18:01 karolherbst: mupuf: it only reports whatever goes in/out of the battery
18:45 mupuf: karolherbst: I see. A little annoying but you can still use the idle power consumption for calibration... I guess
18:46 mupuf: just read the power with nvidia-smi, then use the tool I made to spy on the i2c bus
18:46 mupuf: and you'll see if we read the sensor correctly
18:50 Lyude: mupuf: jfyi: the not-as-good-as-expected power consumption with clockgating is most likely due to an issue I mentioned to karolherbst: I think some of the engine init stuff past kepler2 is slightly moved around in nouveau such that we accidentally load the clkgate pack after enabling the main CG registers, so it may or may not be leaving the actual applied cg settings at whatever they were in the vbios
18:50 Lyude: I likely just need to figure out where to put the init functions for the packs so they get loaded earlier
18:51 karolherbst: no, the power consumption nouveau reads out on my GPU is just wrong
18:51 Lyude: oh
18:51 Lyude: well either way testing locally the power savings I've seen aren't what they should be
18:59 karolherbst: mupuf: mhh, so it seems like nouveau only creates two rails for real :/
19:02 karolherbst: mhh
19:02 karolherbst: some random person on nvidia boards: "I forgot to mention that, after shifting, the shunt and bus values have to be scaled by 40 uV and 8 mV, respectively (based on the INA3221 datasheet). 40 uV is the LSB for the shunt-voltage register and 8 mV is the LSB for the bus-voltage register."

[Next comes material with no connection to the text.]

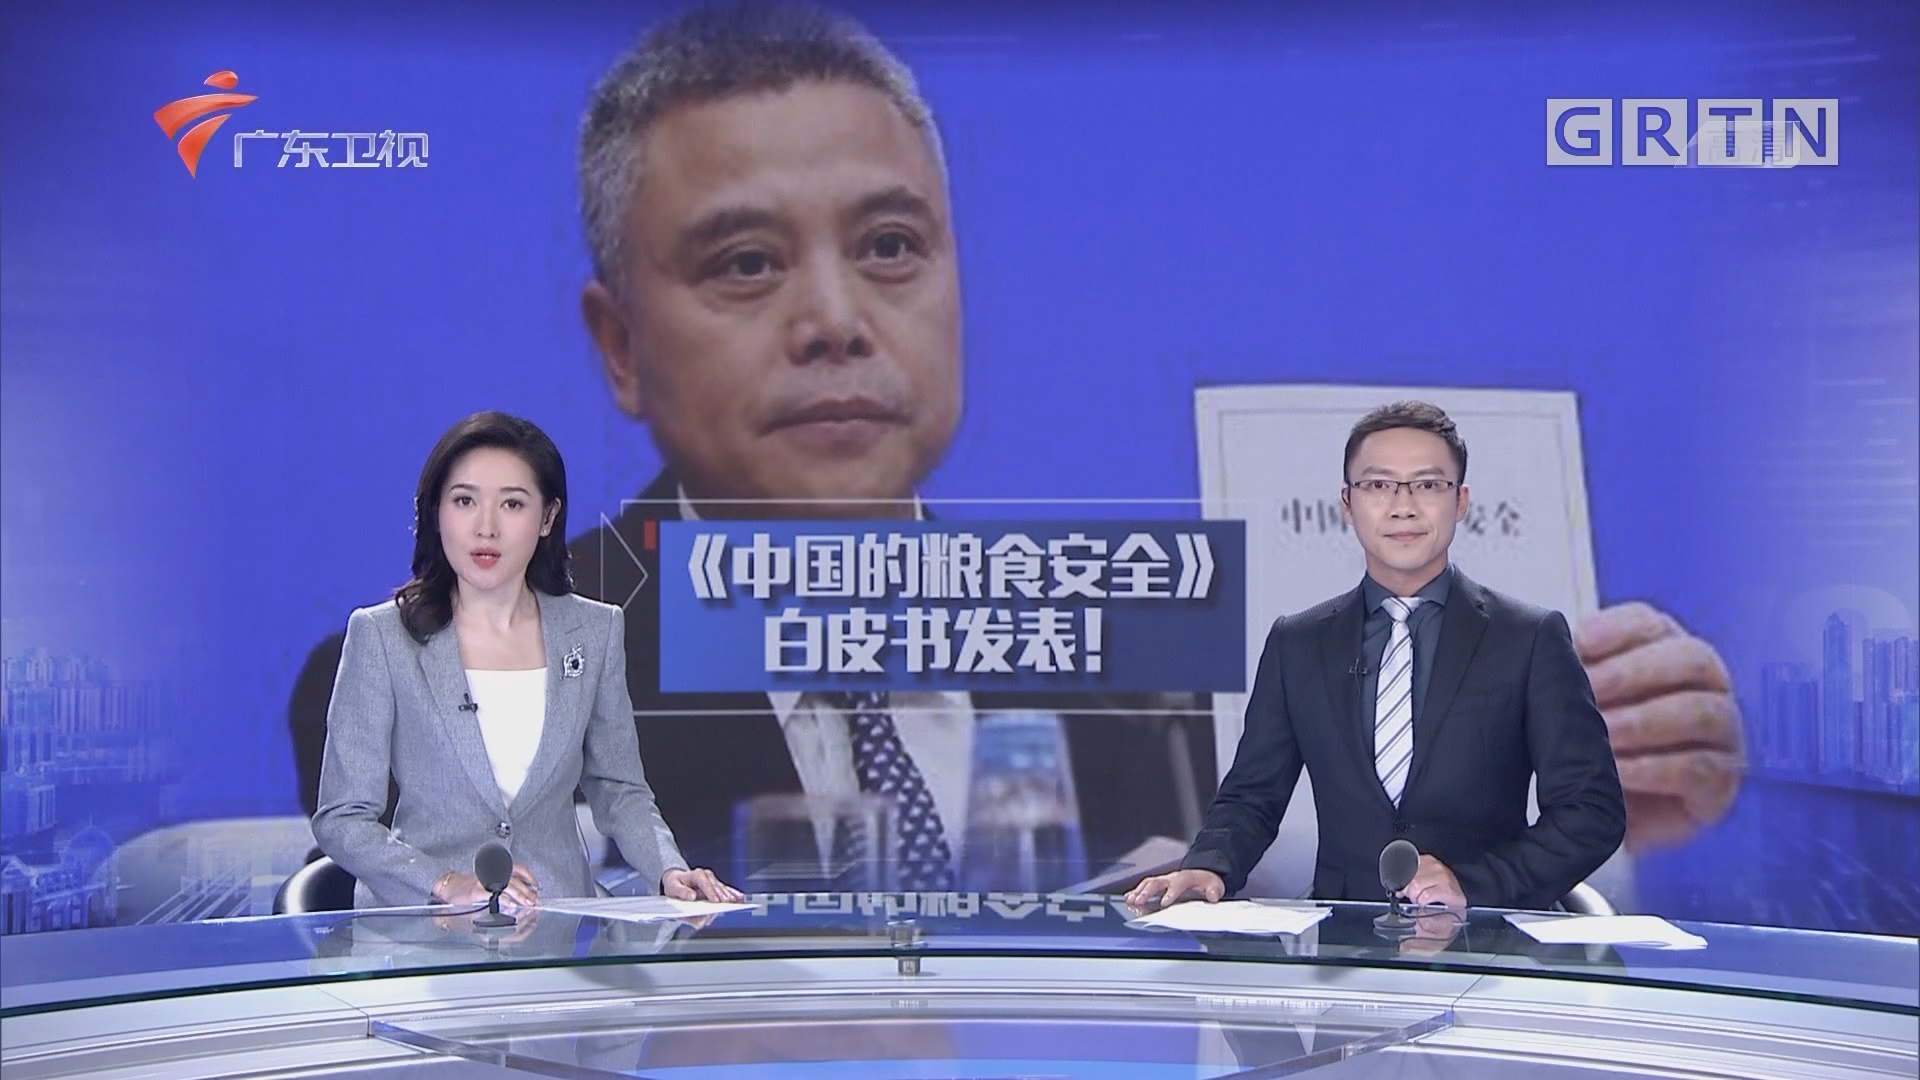 《中国的粮食安全》白皮书:两个重要指标双双超过6.5亿吨

19:02 karolherbst: but I do that...
19:03 karolherbst: or.. wait
19:47 karolherbst: mhhh
19:47 karolherbst: no, I am sure I parse the values correctly
19:48 karolherbst: rail0: shunt: 1f0 bus: 4bb0 rai1: shunt: f8 bus: 4bb0
19:48 karolherbst: those are signed values, but have to be right shifted by 3
19:49 karolherbst: bus: 2422 shunt0: 62 shunt1: 31
19:50 karolherbst: lsb for shunt is 40uV for bus is 8mV
19:50 karolherbst: bus: 19.376V
19:51 karolherbst: shunt0: 0.002480V shunt1: 0.001240V
19:51 karolherbst: shunt ressistence is 5 mohm
19:52 karolherbst: shunt0: 0.496A shunt1: 0.248A.
19:53 karolherbst: 19.376V * (0.496A + 0.248A) = 14.415744W
19:53 karolherbst: mupuf, Sarayan: ^^ this sounds correct, no?
20:01 karolherbst: config says: channel 0+1 enabled, 64 samples per value, 140 μs "Bus and Shunt voltage conversion time", "Shunt and bus, continuous" operation mode
20:09 karolherbst: ... duh, nvidia
20:23 karolherbst: nice... I am able to read the sensor out with nvidia loaded
20:24 karolherbst: nvidas values then
20:25 karolherbst: bus: 0x4be0, shunt0: 0x150, shunt1: 0x8c
20:25 karolherbst: mhhhh
20:25 karolherbst: mupuf: seems like nvidia indeed reads out much lower values
20:28 karolherbst: 9.168128W with the same way I calculate it in nouveau
20:28 karolherbst: nvidia-smi reports 8 or 9W
20:28 karolherbst: soooo
20:28 karolherbst: meh
20:34 karolherbst: mupuf: any ideas why the sensor would produce higher values with under nouveau?